Propaganda provided moral cover by insisting that Jews were responsible for the war, that the nation was under existential threat, and that harsh measures were unfortunate but necessary. Heinrich Himmler’s secret speeches to SS leaders framed genocide as a difficult duty—something that would never be publicly celebrated, but that supposedly preserved the purity and safety of the German people. This framing allowed perpetrators to imagine themselves as guardians rather than criminals. It also allowed ordinary citizens to look away: if the state said these actions were defensive, and if the war demanded sacrifice, then questioning the regime felt disloyal or dangerous.

There were moments of resistance, but they were rare. When German women protested the arrest of their Jewish husbands during the Rosenstrasse demonstration in 1943, the regime backed down, revealing once again that public pressure could matter under the right circumstances. Yet these displays were exceptions in a society increasingly focused on survival as Allied bombs fell, shortages deepened, and the Eastern Front consumed entire generations of young men. Concern for persecuted groups diminished as Germans grew preoccupied with their own suffering. The moral boundaries that might once have driven people to intervene had already been eroded.

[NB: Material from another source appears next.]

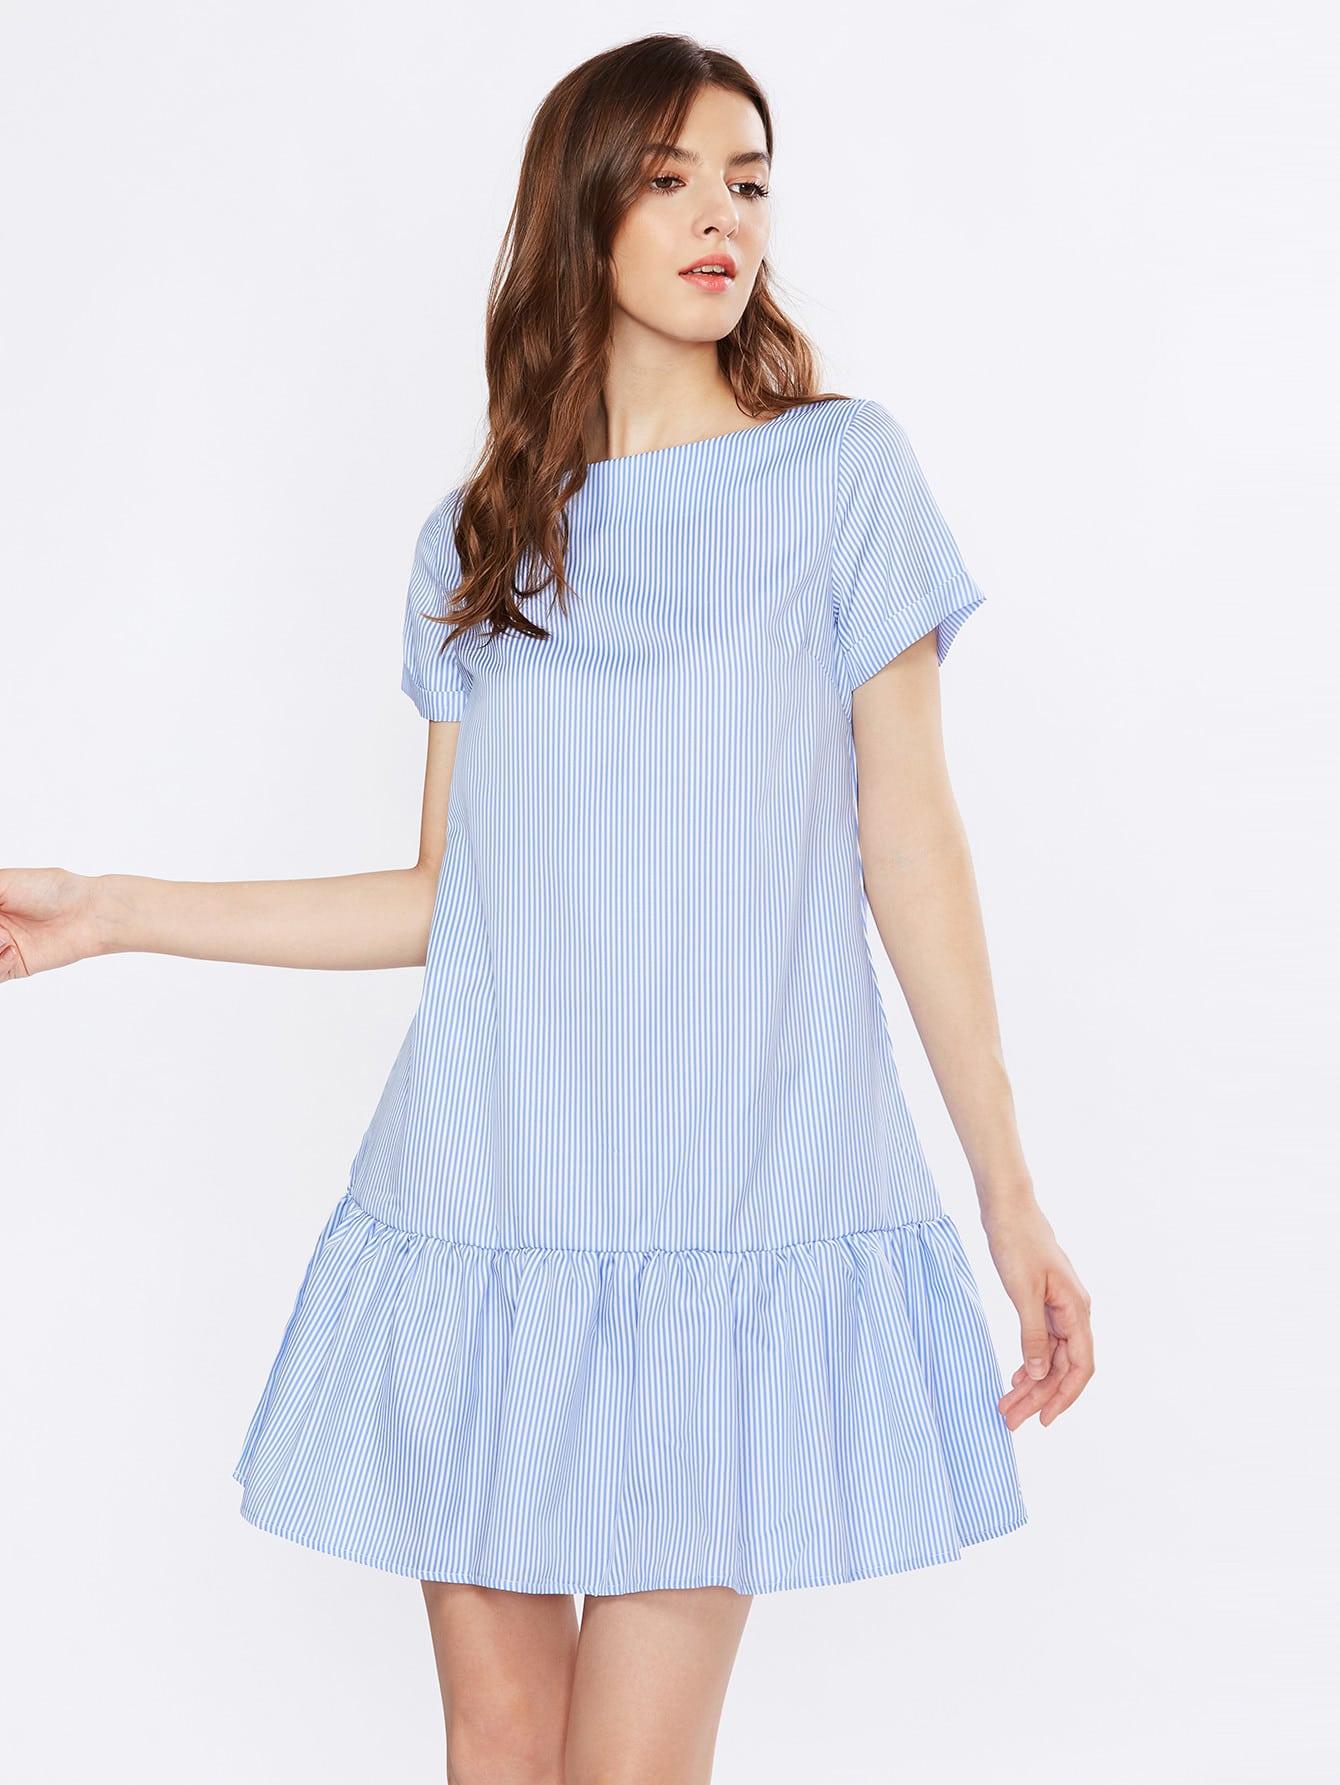 Tiered Hem Pinstripe Dress laminat mostflooring 12208

In the end, the story of how ordinary Germans came to support—or at least tolerate—Hitler is not a story of sudden radicalization. It is the story of a long descent in which each compromise made the next one easier. Economic despair made promises of renewal irresistible. The craving for order made authoritarianism seem reasonable. Old prejudices made exclusion seem logical. Propaganda hardened hearts. Distance and secrecy obscured reality. Bureaucracy sanitized violence. And fear—of the regime, of social isolation, of being wrong—kept people silent.

This history remains unsettling because it demonstrates how moral collapse can happen gradually, even among people who saw themselves as decent. It shows how a society can be led step by step into accepting what once would have horrified them, and how the capacity for complicity lies not at the edges of human nature, but at its center, waiting for the wrong circumstances to awaken it.